Auteur d’une prestation solide lundi dernier à Sétif face à l’Entente malgré la défaite (3/2), les «Rouge et Blanc» comptaient sur la réception de l’O Médéa samedi pour le compte du 6e round de la Ligue 1 Mobilis pour confirmer leur regain de forme et oublier leurs déboires. Mais il n’en fut rien pour les poulains de Tahar Chérif El-Ouazzani qui se sont inclinés (0/1), à domicile, contre des Médéens qui restaient, pourtant, sur deux revers de suite. C’est pour dire à quel point le « Chabab » va très mal. Au point de perdre, devant son public, contre un adversaire qui doutait lui aussi. Les problèmes dans l’entourage du club, la lutte pour le pouvoir et, surtout, la crise financière se sont, logiquement, répercutés sur les performances des Belcourtois.
Avant ces résultats techniques chaotiques, il y avait beaucoup de signaux qui indiquaient que les banlieusards d’Alger allaient prendre un long tunnel obscur. La preuve avec des recrues qui ne sont pas restés longtemps à l’instar de Faouzi Chaouchi qui a rejoint le CA Bordj Bou Arréridj après avoir signé chez le détenteur de la Coupe d’Algérie 2017. Aussi, pour la rencontre de samedi contre l’OM le portier Si Mohamed Cédric et le défenseur Ryad Keniche ont décidé de boycotter.

Les prémices
de la débandade
Pour commencer, il y a eu les départs précipités de deux entraîneurs à savoir Azzedine Aït Djoudi et Lyamine Bougherara qui ont choisi de ne pas poursuivre une aventure à peine entamée. Ce dernier a même indiqué qu’il lui était « impossible de travailler dans des conditions pareilles. Après m’être entendu sur tout avec les dirigeants et les moyens qui devaient être mis à ma disposition, je ne trouve absolument rien en réalité. À partir de là, je dirai que je ne peux pas accomplir ma mission.» La saison 2017-2018 venait d’être mal-amorcée avec un match perdu sur tapis vert face au promu l’AS Aïn M’lila plus une défalcation de trois points comme sanctions. Le chairman Bouhafs n’avait même pas de quoi payer les droits d’engagement pour la saison footballistique 2018-2019 ainsi que des frais d’assurance des joueurs.
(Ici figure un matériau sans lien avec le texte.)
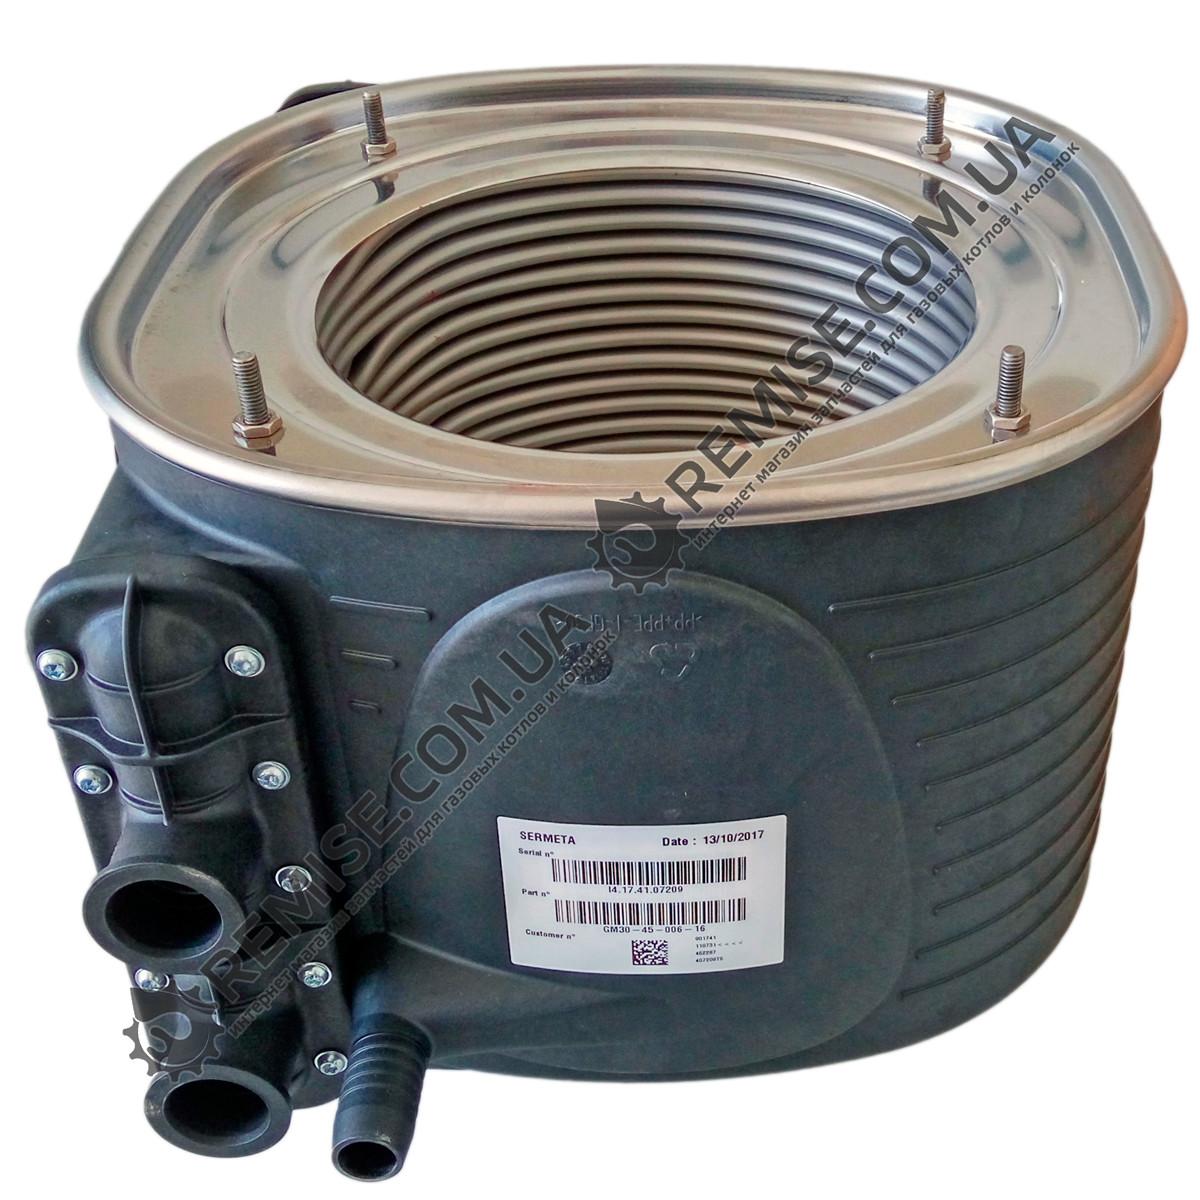 Кожухотрубный конденсатор WTK CF 90 Петропавловск-Камчатский

Il n’a, aussi, pas pu épurer la dette pour la faire passer à moins d’un milliard de centime, barre fixée par la Ligue de football professionnel (LFP) pour l’obtention des licences.
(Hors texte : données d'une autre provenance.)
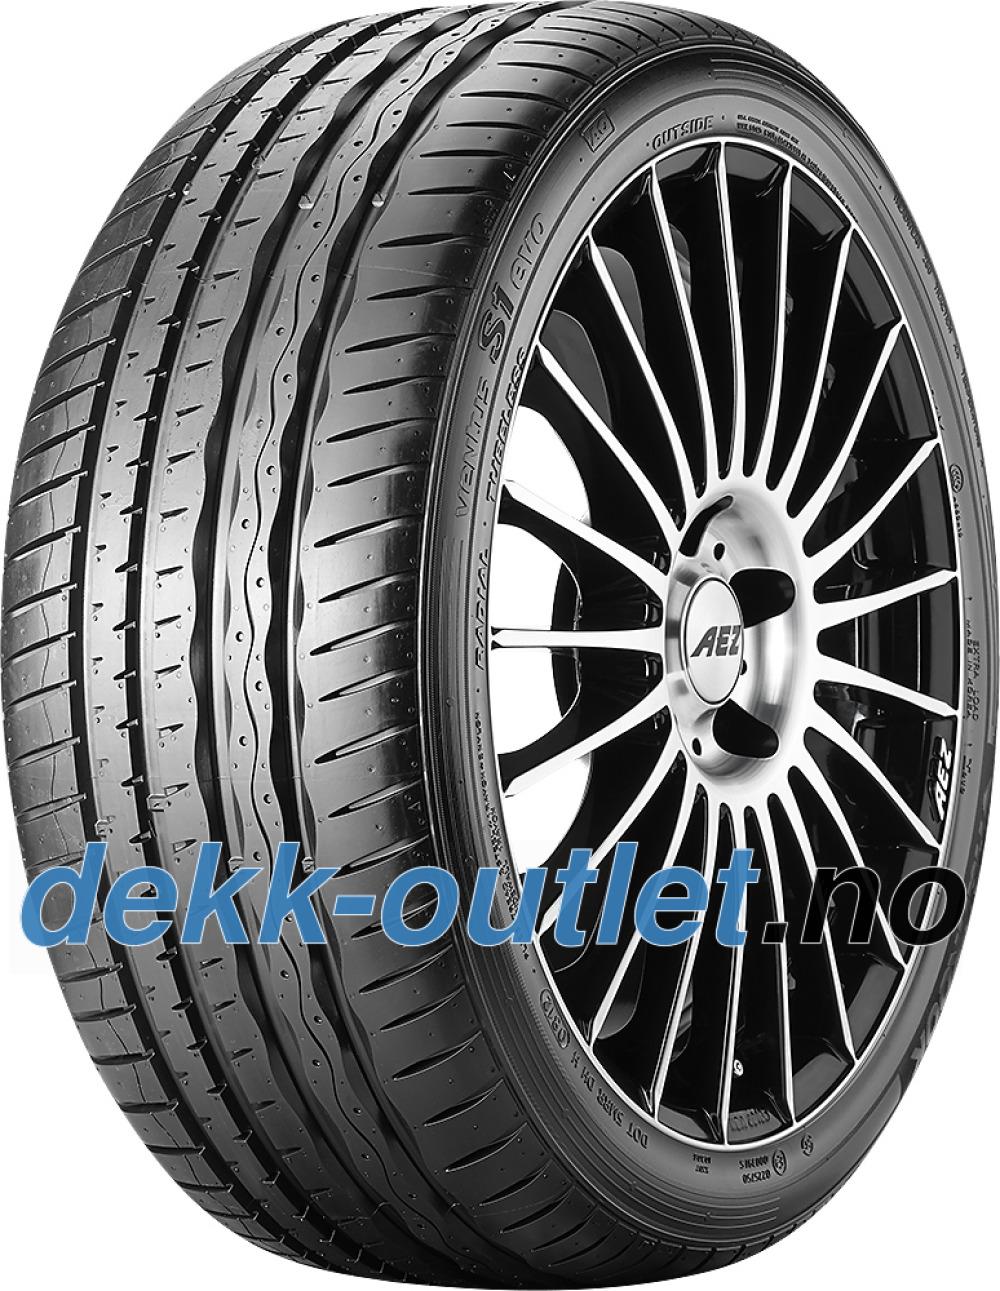 Hankook Ventus S1 Evo K107 ( 285/35 ZR18 101Y XL med felgbeskyttelse (MFS) SBL )

Pire encore, le CRB n’était même pas en droit d’aligner l’équipe réserve pour disputer la journée inaugurale du challenge national car les responsables n’étaient pas fichus de présenter les dossiers médicaux des espoirs. Une réelle débandade.

Un sigle «à la dérive»

Si la confiance a été retirée à Bouhafs, qui insiste, toutefois, sur le fait que sa destitution est illégale, les choses ne semblent pas aller pour le mieux. Le driver Cherif El-Ouazzani a exprimé son dépit au sortir de la partie de samedi. « Je ne vous cache pas qu’on vit très mal notre situation au CRB. La direction du club se doit de trouver les solutions adéquates dans les meilleurs délais. On ne peut aller de l’avant ainsi», s’est-plain l’ancien responsable de la barre technique de l’USM Bel-Abbès. Son adjoint Nordine Maroc était plus dramatique dans son constat : «Il faut qu’il y ait des hommes pour sauver le CRB en le sortant de son marasme actuel. On ne peut continuer sur cette voie et c’est impossible de le faire. Le club va désormais à la dérive et tout le monde le sait. Les solutions doivent être de mise, faute de quoi, cela empirera. Les joueurs manquent de tout et ont besoin d’être assistés sur tous les plans», a-t-il diagnostiqué.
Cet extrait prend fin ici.